Revision as of 03:31, 17 October 2021

Problem:

Let $\mathbb{Z}$ be the set of integers. Determine all functions $f : \mathbb{Z} \to \mathbb{Z}$ such that, for all integers $a$ and $b$, \[f(2a) + 2f(b) = f(f(a + b)).\]

Solution 1:

Let us substitute $0$ in for $a$ to get \[f(0) + 2f(b) = f(f(b)).\]

Now, since the domain and range of $f$ are the same, we can let $x = f(b)$ and $f(0)$ equal some constant $c$ to get \[c + 2x = f(x).\] Therefore, we have found that all solutions must be of the form $f(x) = 2x + c.$

Plugging back into the original equation, we have: $4a + c + 4b + 2c = 4a + 4b + 2c + c$ which is true. Therefore, we know that $f(x) = 2x + c$ satisfies the above for any integral constant c, and that this family of equations is unique.

(This solution does not work though because we don't know that $f$ is surjective)

Solution 2: We plug in $a=-b=x$ and $a=-b=x+k$ to get \[f(2x)+2f(-x)=f(f(0)),\] \[f(2(x+k))+2f(-(x+k))=f(f(0)),\] respectively.

Setting them equal to each other, we have the equation \[f(2x)+2f(-x)=f(2(x+k))+2f(-(x+k)),\] and moving "like terms" to one side of the equation yields \[f(2(x+k))-f(2x)=2f(-x)-2f(-(x+k)).\] Seeing that this is a difference of outputs of $f,$ we can relate this to slope by dividing by $2k$ on both sides. This gives us \[\frac{f(2x+2k)-f(2x)}{2k}=\frac{f(-x)-f(-x-k)}{k},\] which means that $f$ is linear. (Functional equations don't work like that unfortunately)

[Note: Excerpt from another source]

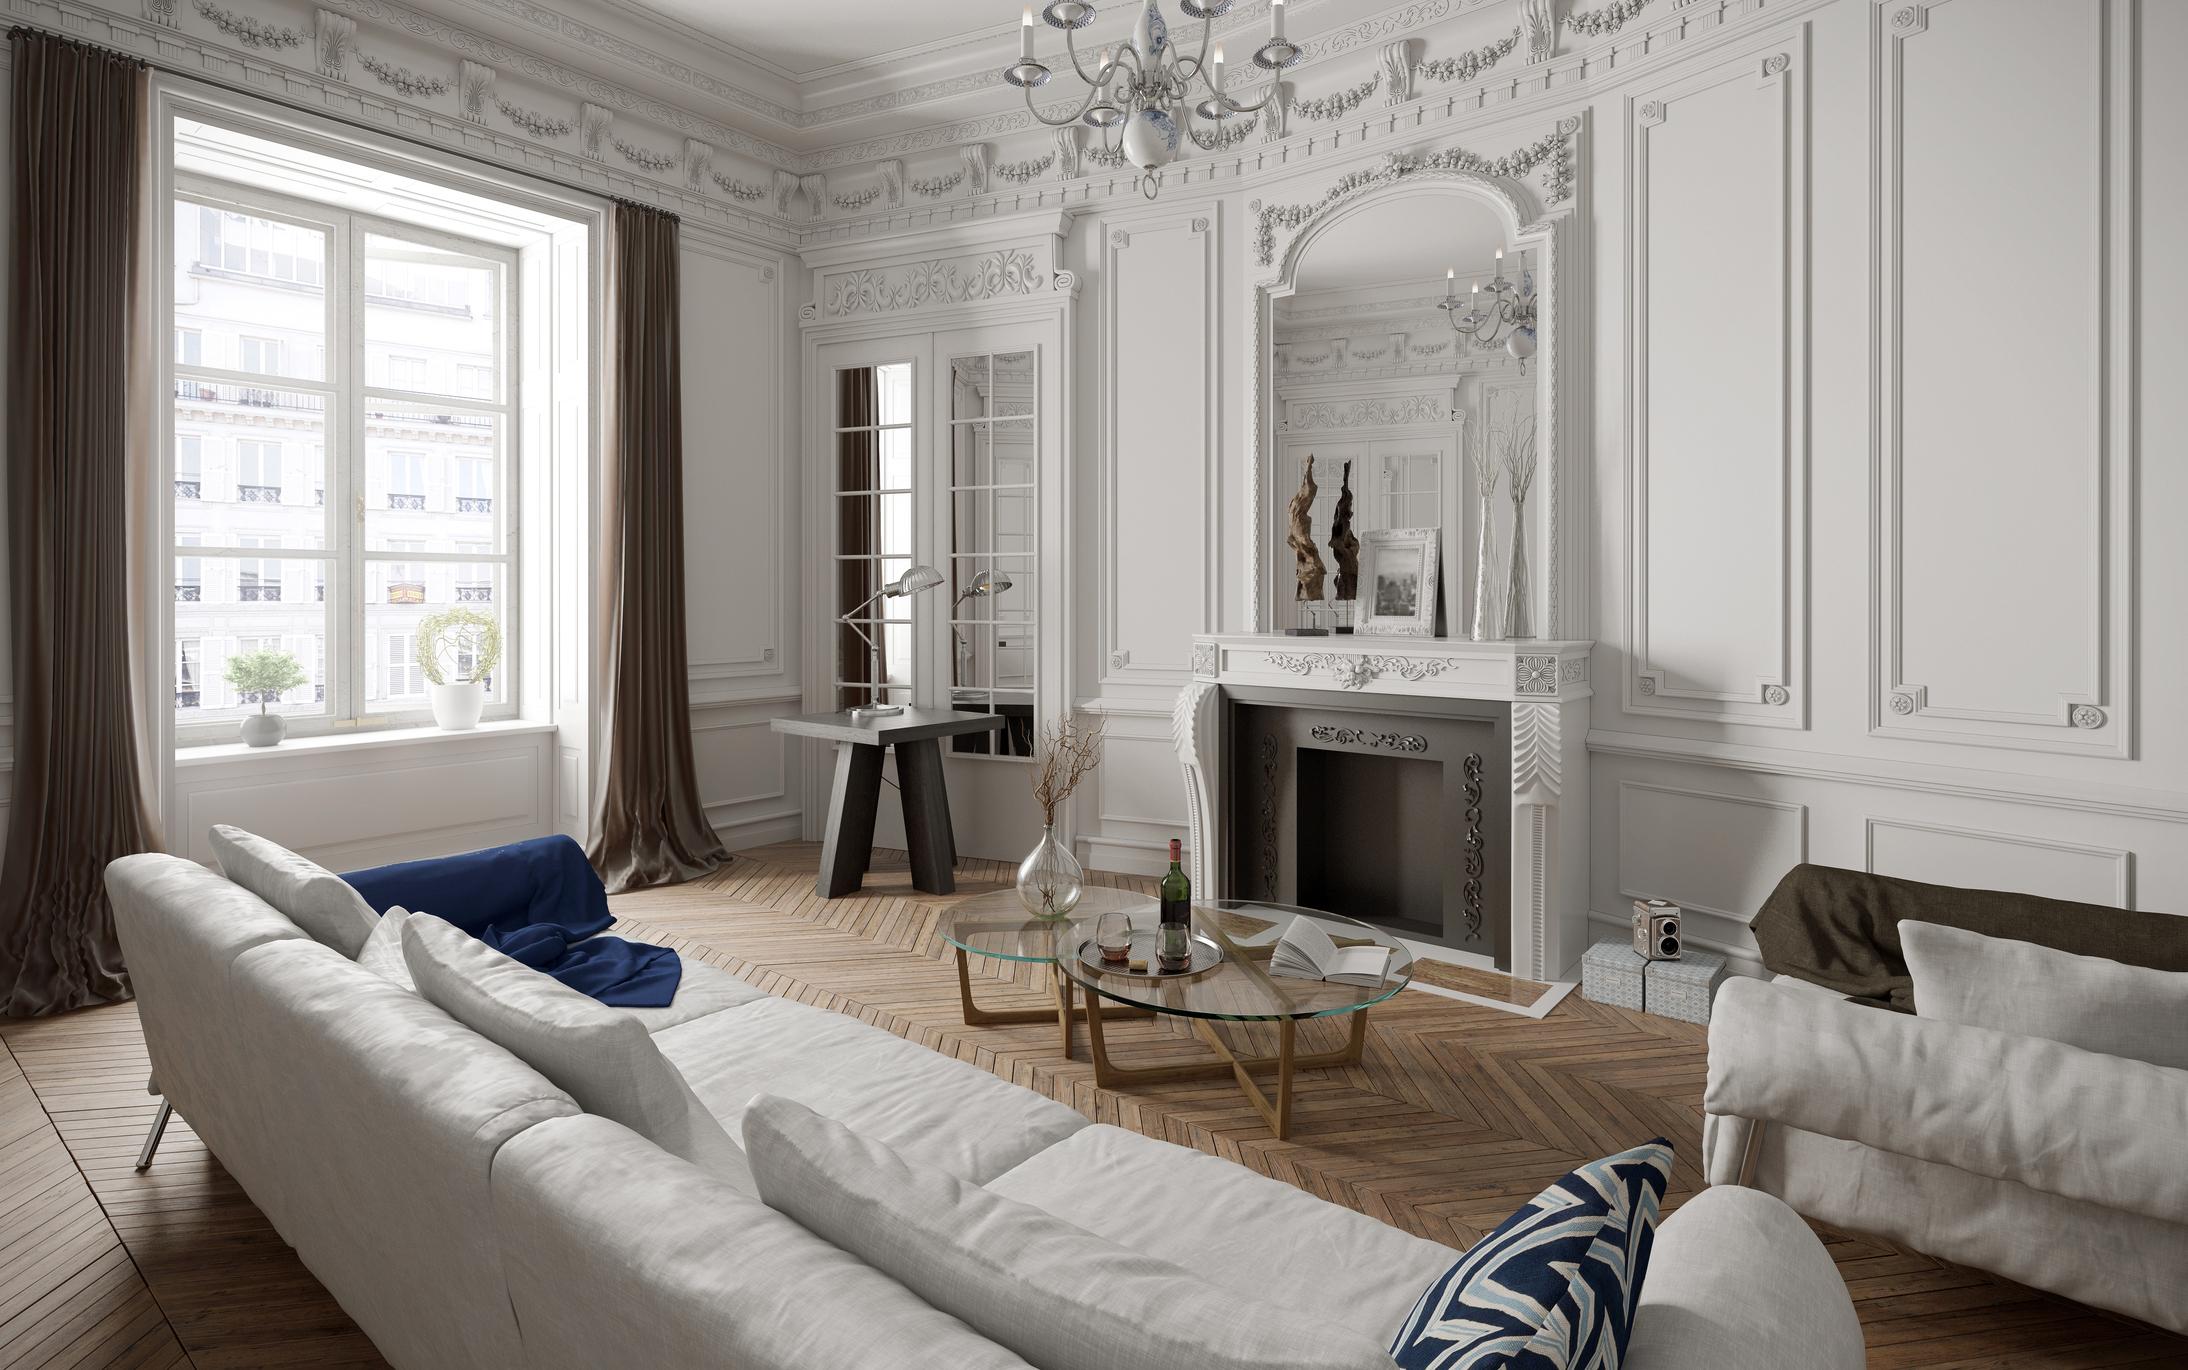 Arredamento Casa Stile Barocco : Antico e moderno gli errori da non commettere casa

Let $f(x)=mx+n.$ Plugging our expression into our original equation yields $2ma+2mb+3n=m^2a+m^2b+mn+n,$ and letting $b$ be constant, this can only be true if $2m=m^2 \implies m=0,2.$ If $m=0,$ then $n=0,$ which implies $f(x)=0.$ However, the output is then not all integers, so this doesn't work. If $m=2,$ we have $f(x)=2x+n.$ Plugging this in works, so the answer is $f(x)=2x+c$ for some integer $c.$

Solution 3: The only one that actually works The only solutions are $f(x)=0, 2x+c.$ For some integer $c.$

Obviously these work. We prove these are the only linear solutions. Plug $a=0$ and $b=0$ separately to get that $f(2x)=2f(x)-f(0).$ Plug $(0, a+b)$ to see $f(0)+f(a+b)=f(a)+f(b),$ and subtracting $2f(0)$ from both sides shows $f(a)-f(0)$ to be additive thus linear by Cauchy since this is on integers. Thus, $f(a)$ is linear, and so we are done since it can be easily shown that $0$ and $2x+c$ are the only linear solutions by plugging $mx+n$ into the equation.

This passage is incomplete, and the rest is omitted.